Now we start with one thing: server data. The server tells us which locations people accessed and how many times. Now I can't tie this to an actual file, just a name of a file. So let's say I got hot pictures of some woman named Alotta Fagina. According to my naming convention, her first picture would be named afagina01.jpg, unless there was another A. Fagina. I try to rank pictures, though, so I might have put up a picture of Alotta Fagina in a white bikini as afagina01.jpg for the month of February and changed that picture to the name afagina22.jpg for the month of March (and let's say there was no picture by this name before), while a picture of her in a black bikini became the new afagina01.jpg. So at the end of March, I'd have a download number for afagina01.jpg that would be the downloads of the white bikini picture during February plus the downloads of the black bikini picture during March, and a download number for afagina22.jpg that would be the downloads for the white bikini picture during March.

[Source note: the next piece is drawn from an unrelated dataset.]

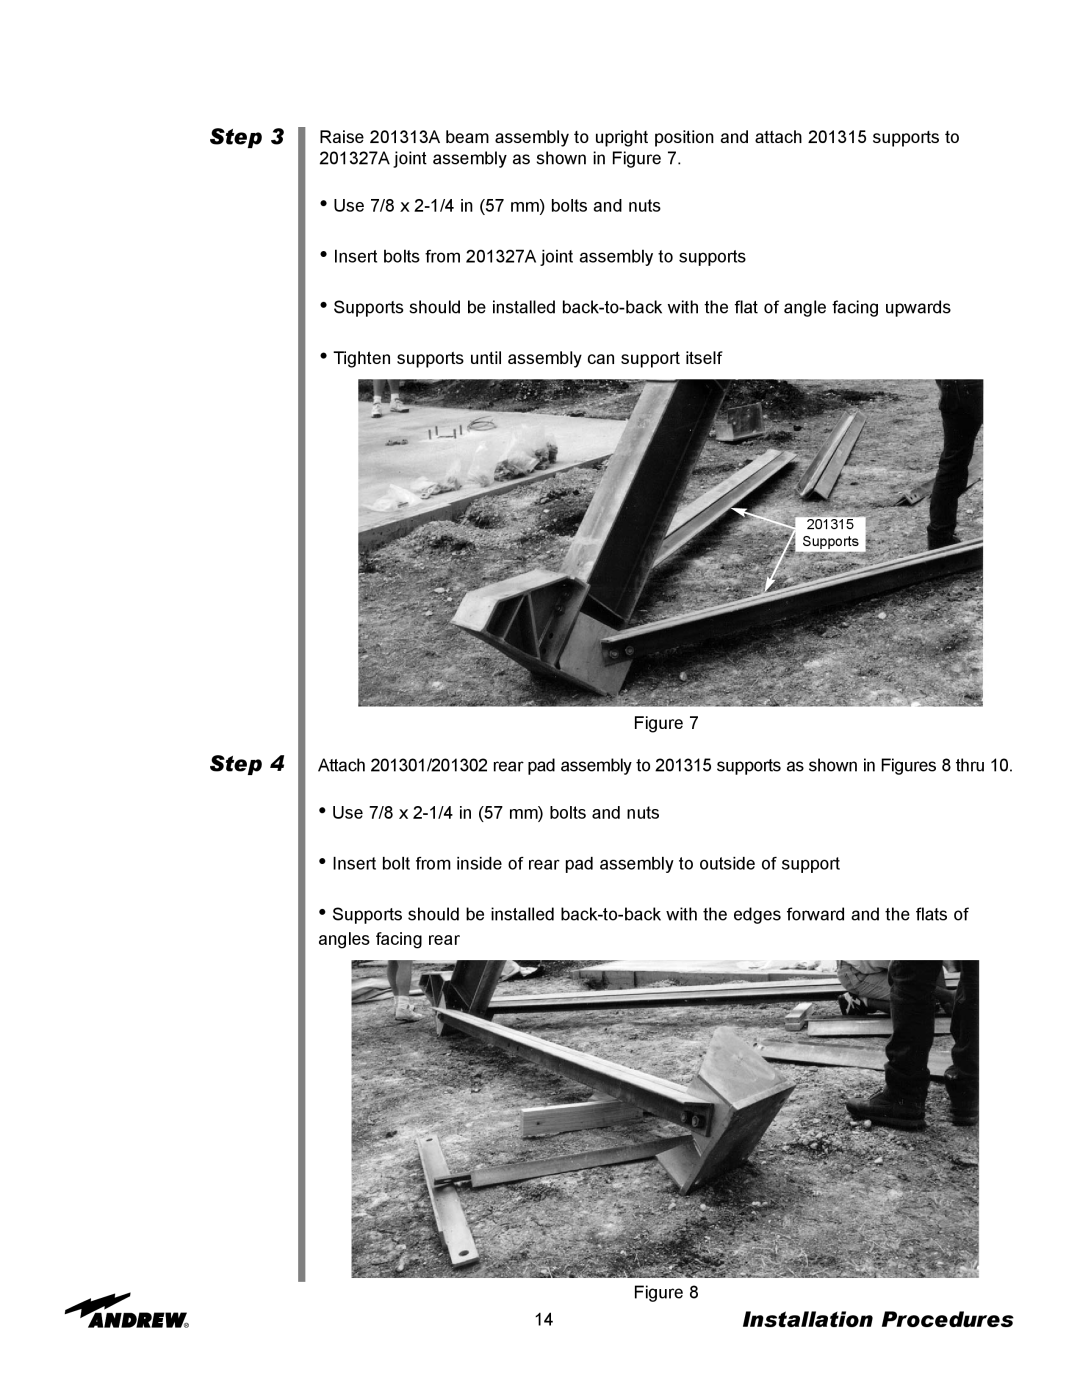 Andrew ES73 manual Step Step, Installation Procedures

Now the question becomes how to compare different girls based on these numbers. I should also add that none of these numbers show up until the location has been downloaded 20 times. Anyway, it's not fair to compare the total downloads for girls, as some have many more pictures. At the same time, it's not fair to compare their most downloaded picture, as more people will download the same picture if a girl has fewer pictures, i.e. if they have fewer choices. So I came up with a formula, that takes the number of downloads for the most downloaded picture of a girl (again, let me note that the downloads include other pictures previously at that URL) plus 2/3 the second most for a girl plus 4/9 the third most and so on until you run out of pictures. (The old domain only rankings use 1/2, 1/4, etc.) But not every girl has been on the page for an equal amount of time, so we have to adjust for that. We have time factors for every day on the server. They basically take the total number of hits (i.e. HTML pages downloaded) the server got for its entire span and divide by the total hits the server got for the period when the girl was on the page.

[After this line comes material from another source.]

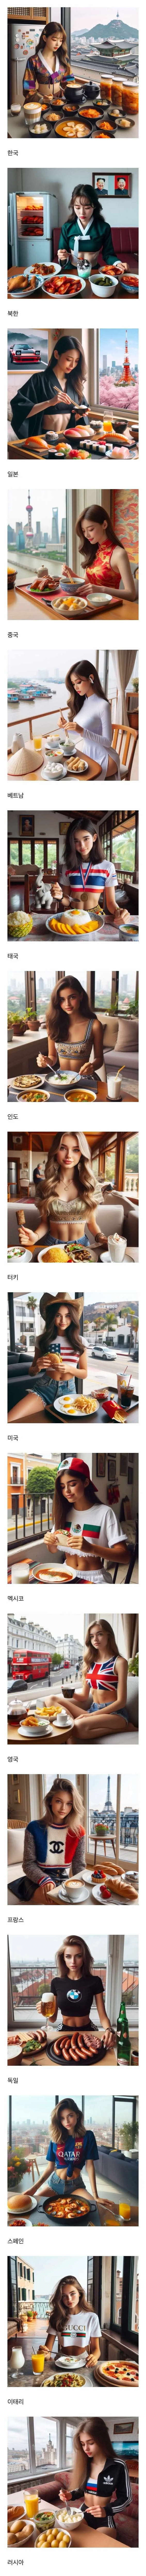 Ai가 그린 아침 식사하는 각국 여성 | mbong.kr 엠봉

Traffic for All Time by Week, after Subtracting Pages within Pages
So now we have some giant number for every girl. How does that translate to the grade you see? Well, have you ever heard of "curving" a test? Usually I was used to it meaning a flat percentage being added to every score, e.g. the highest score on a test is 80% so my 12% becomes 32%. Well, that's not exactly what curving means, as its roots are from fitting scores to a bell curve. This means that scores would be ranked and fit to a predefined spread, so someone would set the center of the curve at 75, the bottom at 50, and the top at 100 (the center and the spread can be changed, of course). So let's say you have the lowest grade in the class and it's a 72. You'd actually get bumped down to a 50. The shape of the bell means the highest number of scores are where the shape of the bell is highest. It's a way of clustering scores near the average. Anyway, we don't do that. This is sort of an in-between, the type of approach you'd use if you're, say, scoring the SATs.

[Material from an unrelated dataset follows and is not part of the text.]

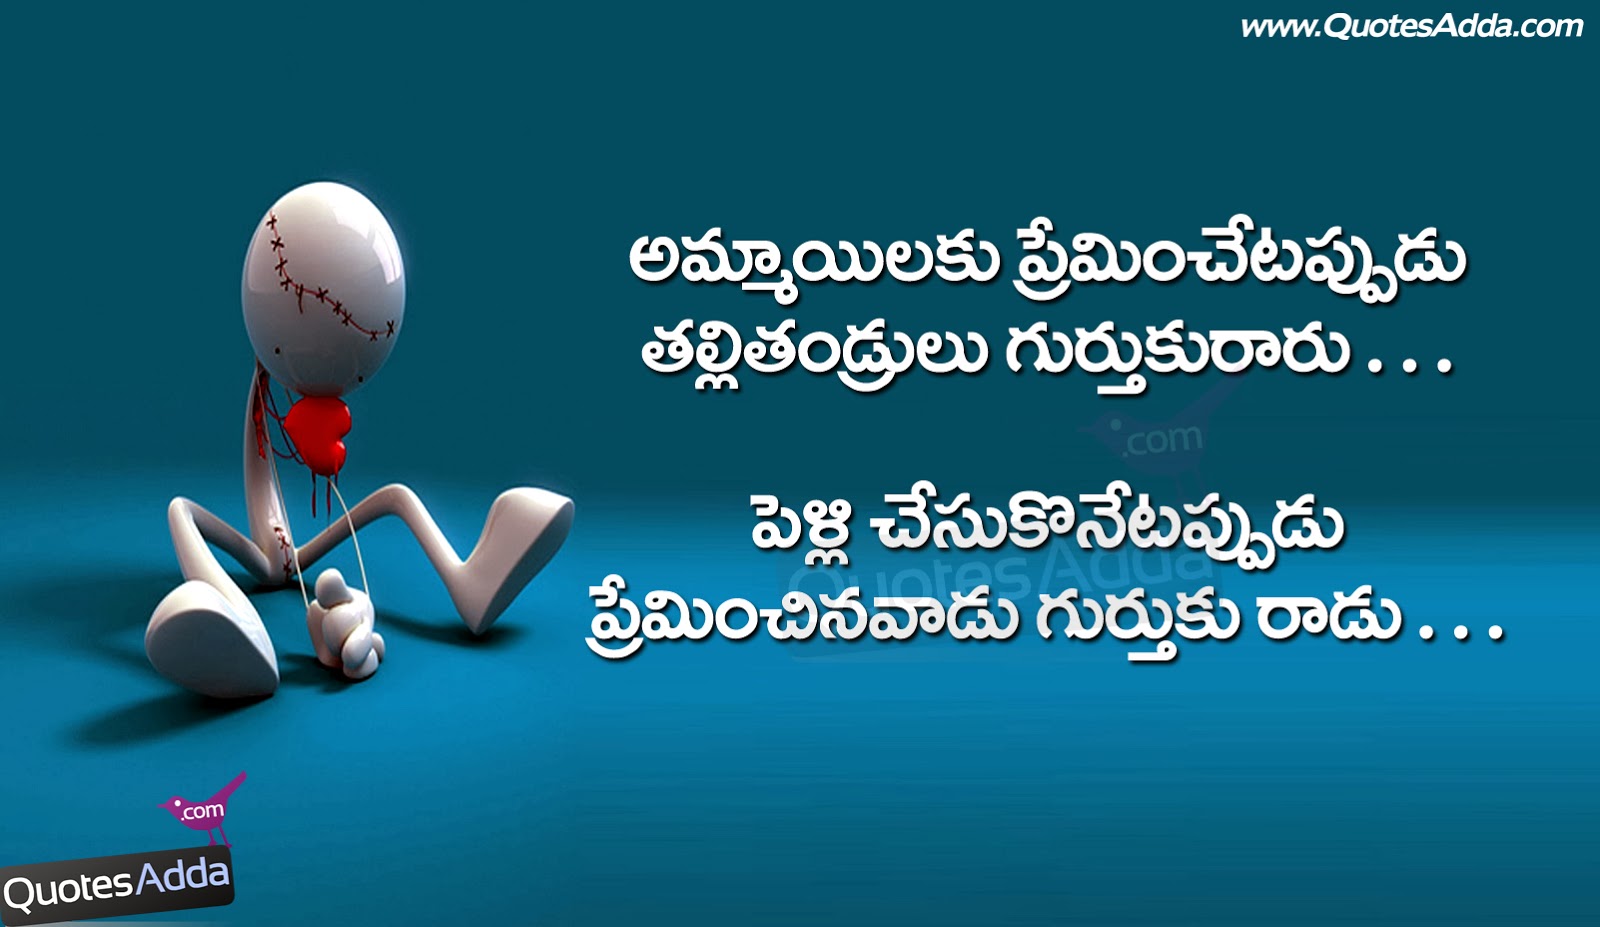 Telugu Funny Quotes | Funny Love Quotations in Telugu

Basically, these scores are standardized. The important thing here is a number called the standard deviation. You add together the squares of all the differences between the scores and the averages, divide this sum by the number of scores, and take the square root, and this is the most common measure of spread out there. So we figure out how many standard deviations above or below the average each score is, and then define the average as 75. We then define the second highest score (for the old domain only rankings, the highest instead of the second) as 100, which sets the value of how much each standard deviation is worth in our standardized scores. There, so now you know the elaborate system for generating a simple set of hotness grade numbers.